C&B Notes

Good for Users, Bad for Business

Venture capital investments are subsidizing products and services for consumers.  An analysis of the operations for Lime and Bird, two competing electric scooter rental companies, tells a story of big unit economic losses on these companies’ scooters. Greater fools may bail them out in the short- or intermediate-term, but the long-term economics of these companies are not promising for their investors.

So, our scooter company walks away with $2.32 in revenue per day from the average scooter in Louisville.  As we said at the beginning, Louisville data indicates that the average scooter was around for between 28 and 32 days.  That means the typical scooter generated something like $65 to $75 in revenue for the company after most operating costs over its lifetime. 

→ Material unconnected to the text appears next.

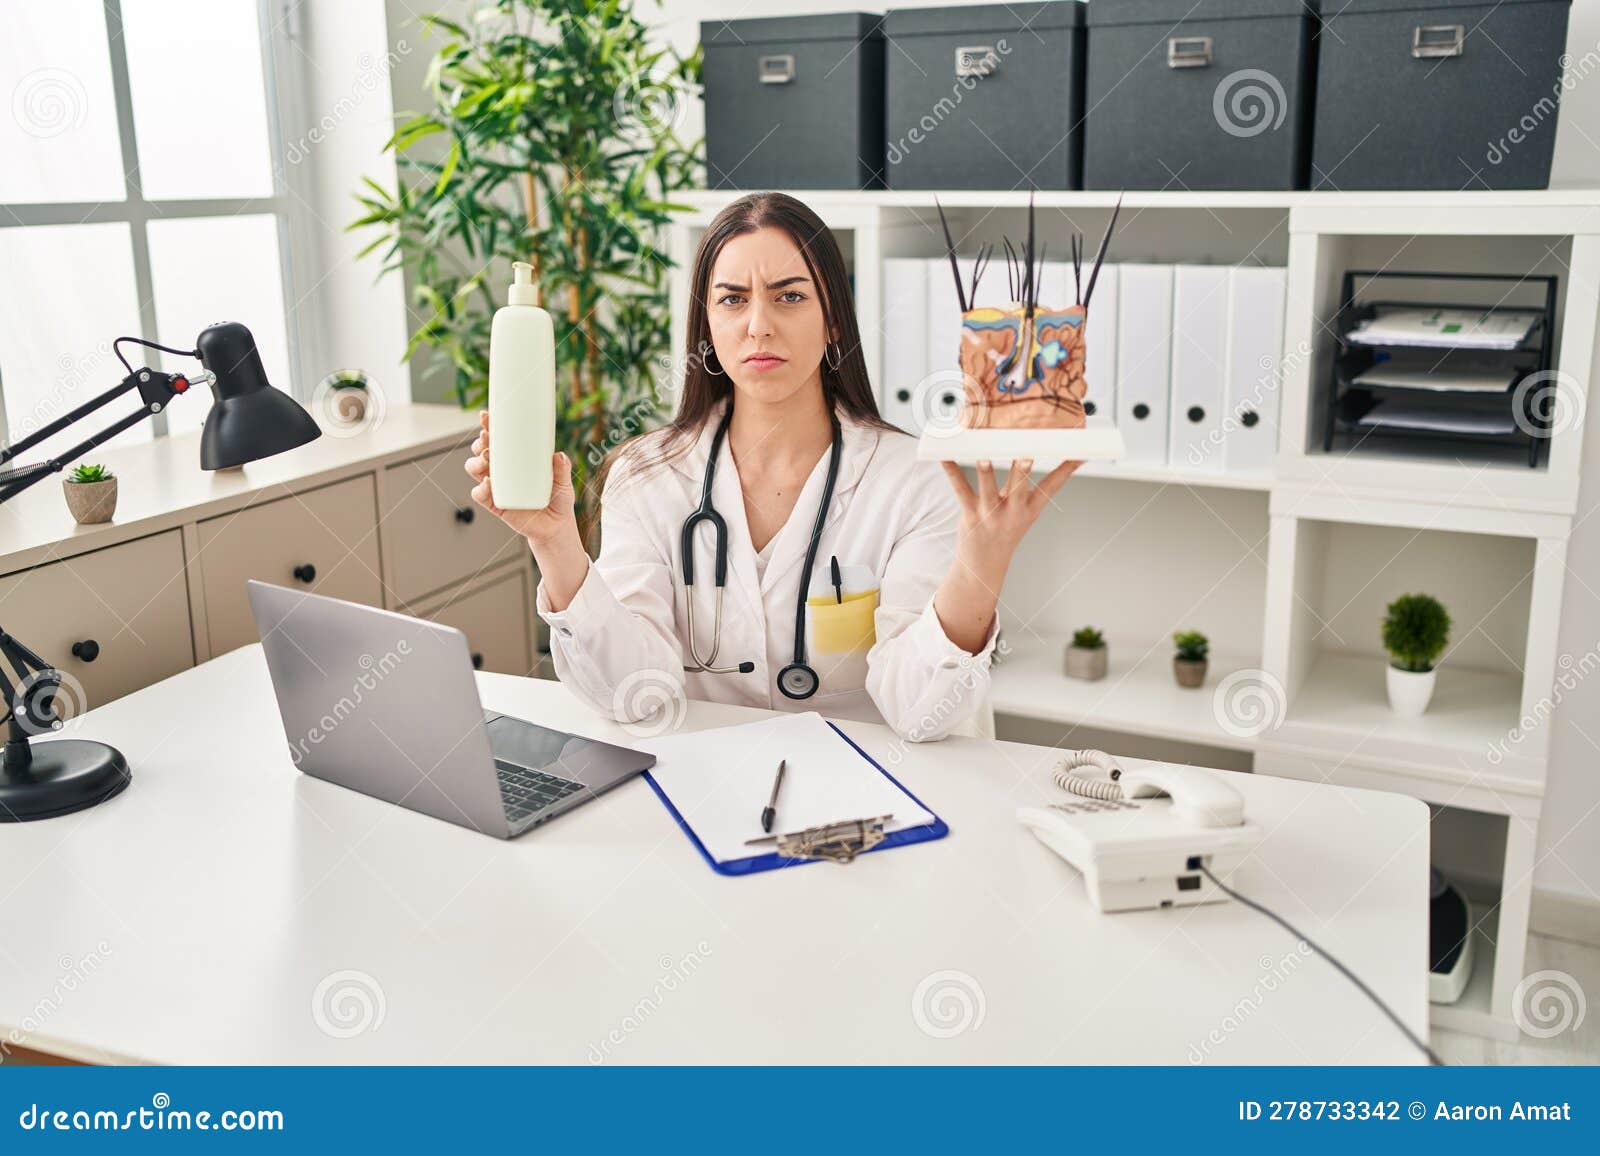 hispanic doctor woman holding model of human anatomical skin and hair skeptic and nervous, frowning upset because of problem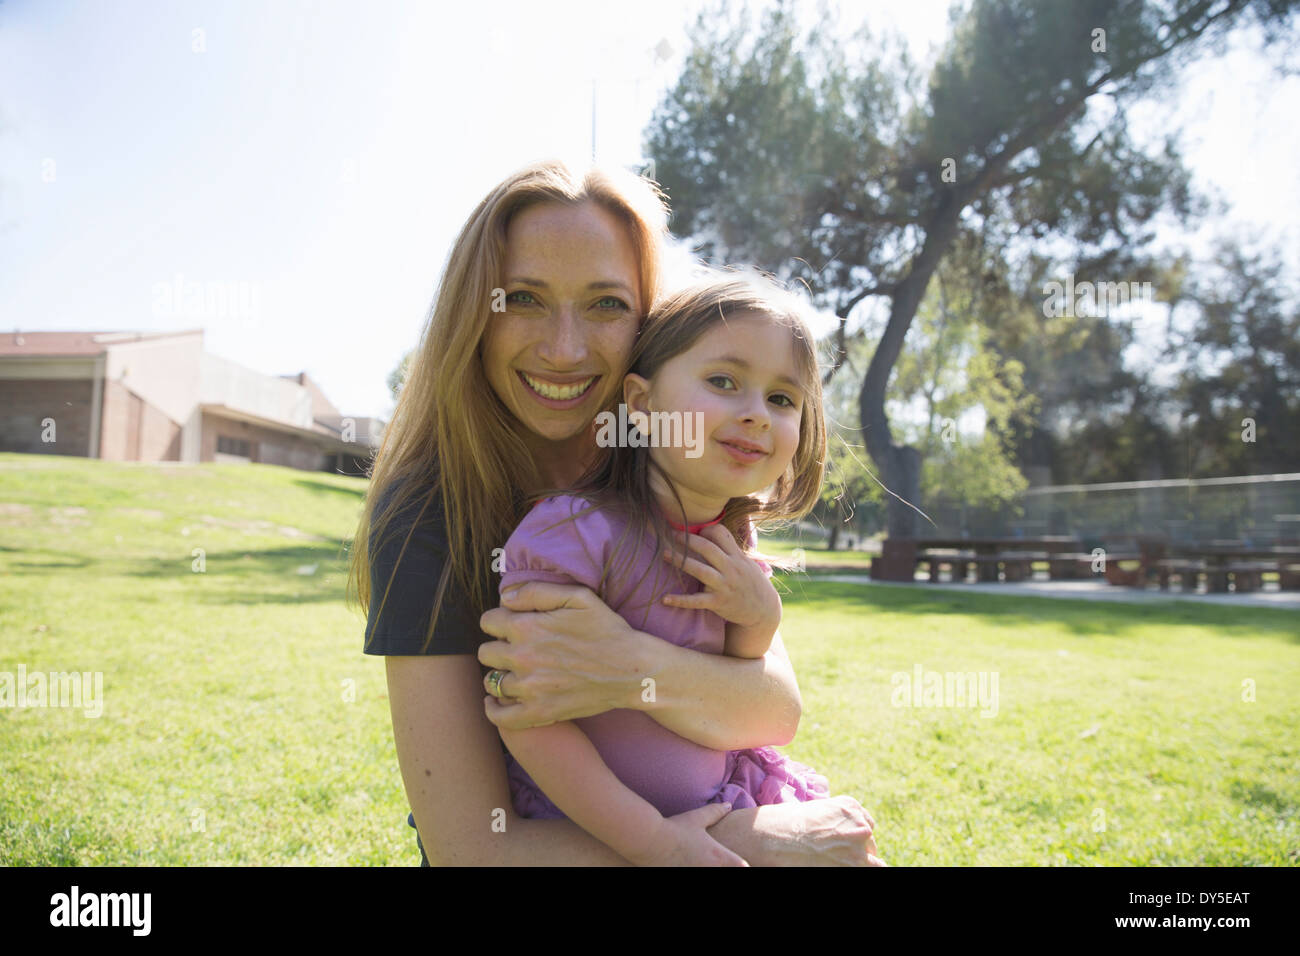 Mother and Daughter in park Banque D'Images

You see where I’m going with this.  Let’s be generous and say the company paid $360 for each scooter, as Bird aims to.  At the rates calculated above, that company only recoups $65 to $75 on the cost of each scooter — in other words, it loses $295 to $285 per scooter.  That doesn’t even include the $50 annual fee per dockless vehicle, the $3,000 in combined licensing fees, or the $100 fee for each designated parking area.  Plug in the $551 sticker price for a scooter, and the losses are even greater. 

Bad as these numbers are, they maybe shouldn’t be surprising.  The electric scooters Bird deployed for shared commercial use, at least initially, were rebranded Xiaomi devices intended for use by a single owner with a weight limit of 200 pounds.  The average American man weighs 197.9 pounds and the average woman 170.6 lbs.  These scooters were also designed to be used in mild weather and on flat surfaces.  They were absolutely not designed to be ridden multiple times a day in all kinds of weather and on all kinds of terrain by Americans who, on average, are barely under the scooter weight limit before you adjust for clothes and any baggage (physical, not emotional) they might be carrying.  No doubt facing such inconvenient truths, Bird in October unveiled an electric scooter designed with Okai specifically for sharing.  It will require great leaps in durability and far cheaper prices for scooters to pay for themselves.